## Directions
Leaving the pictures aside, transcribe the data below exactly.

## Data block

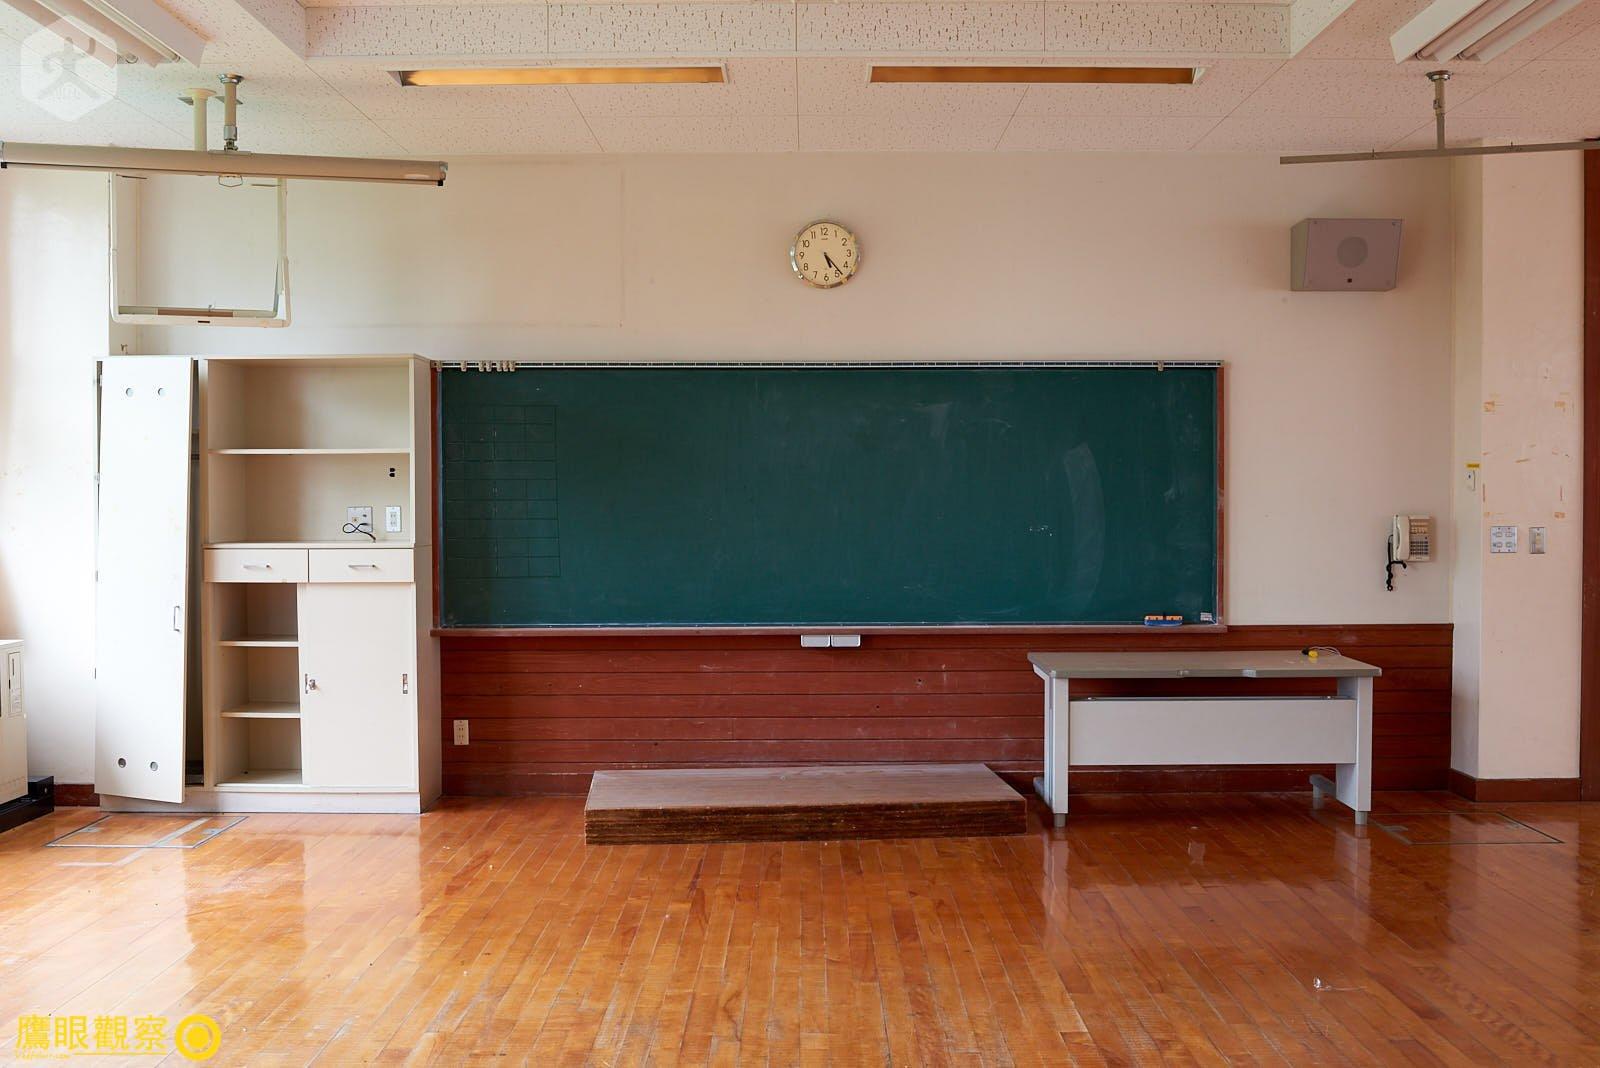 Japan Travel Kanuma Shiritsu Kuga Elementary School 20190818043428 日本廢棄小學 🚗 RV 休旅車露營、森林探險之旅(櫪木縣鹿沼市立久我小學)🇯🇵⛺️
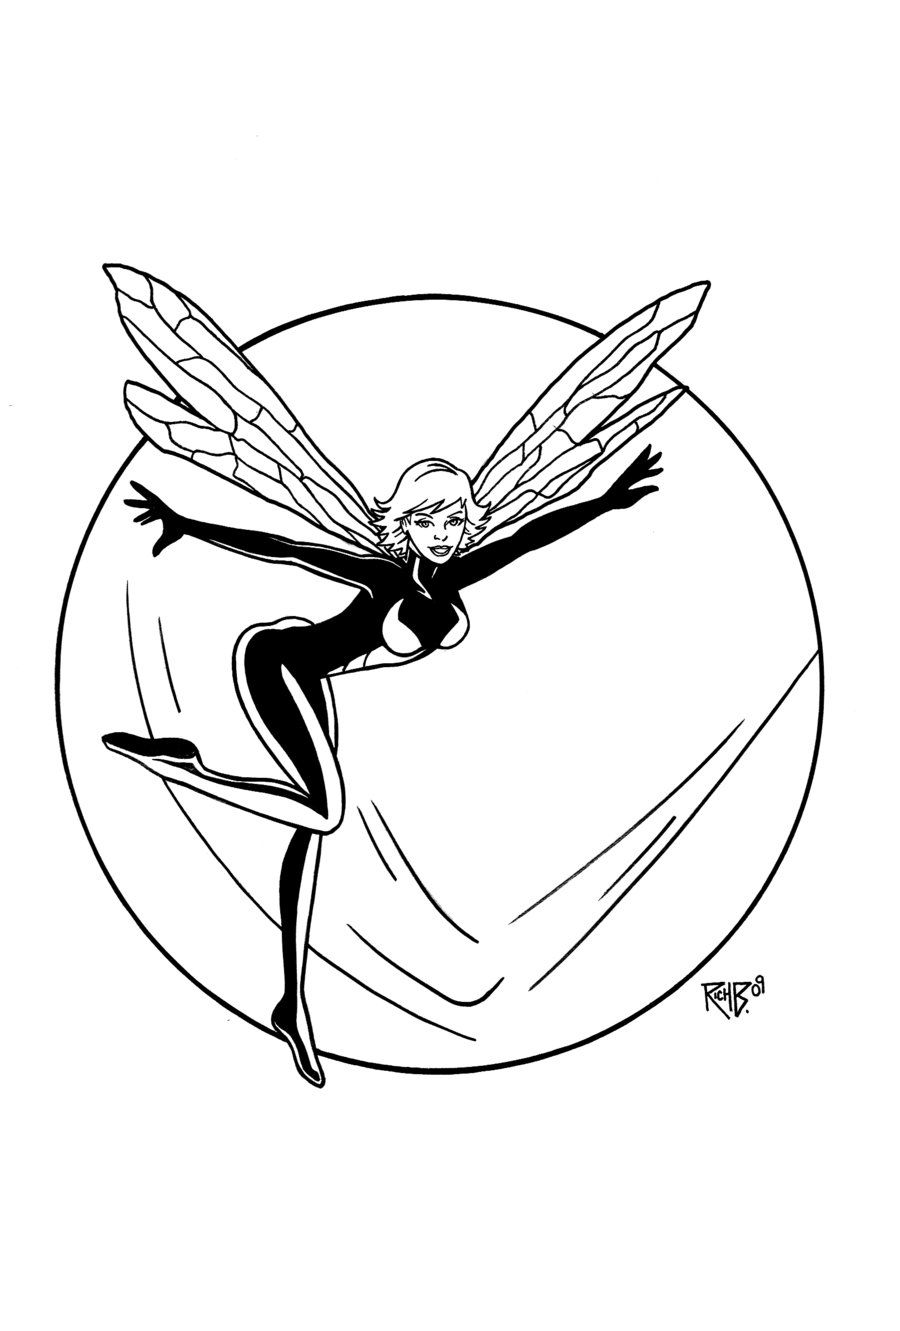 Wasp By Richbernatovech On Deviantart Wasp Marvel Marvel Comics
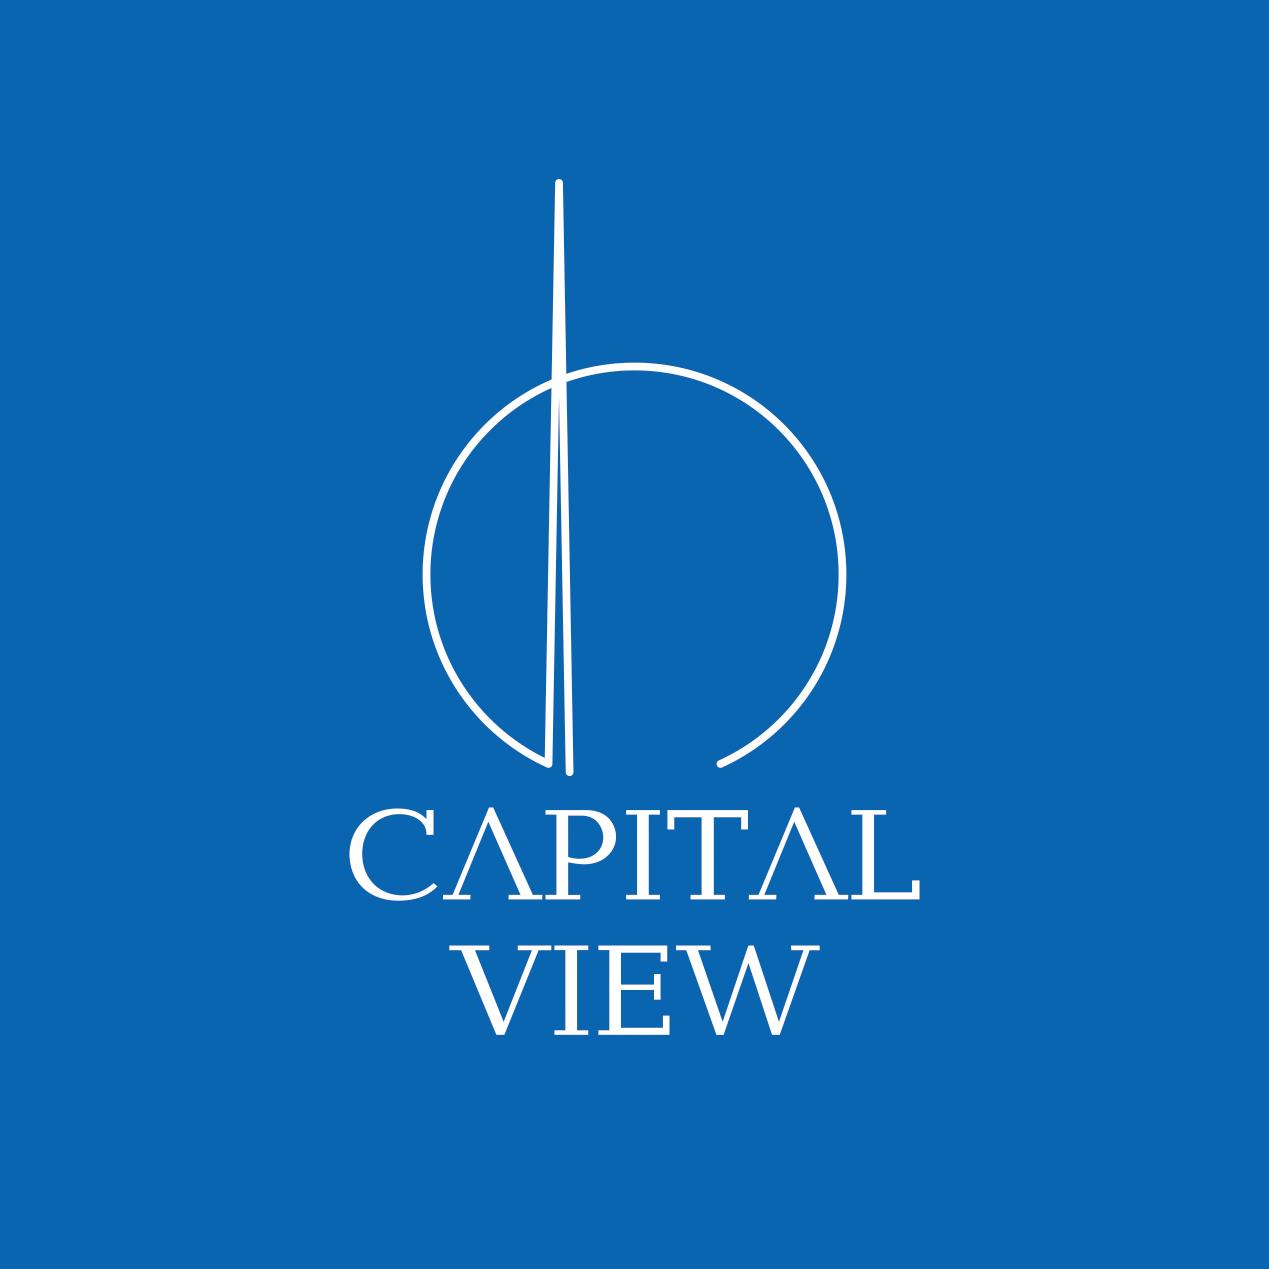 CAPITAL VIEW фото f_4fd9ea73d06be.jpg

## Response to the exercise
 Japan Travel Kanuma Shiritsu Kuga Elementary School 20190818043428 日本廢棄小學 🚗 RV 休旅車露營、森林探險之旅(櫪木縣鹿沼市立久我小學)🇯🇵⛺️
 Wasp By Richbernatovech On Deviantart Wasp Marvel Marvel Comics
 CAPITAL VIEW фото f_4fd9ea73d06be.jpg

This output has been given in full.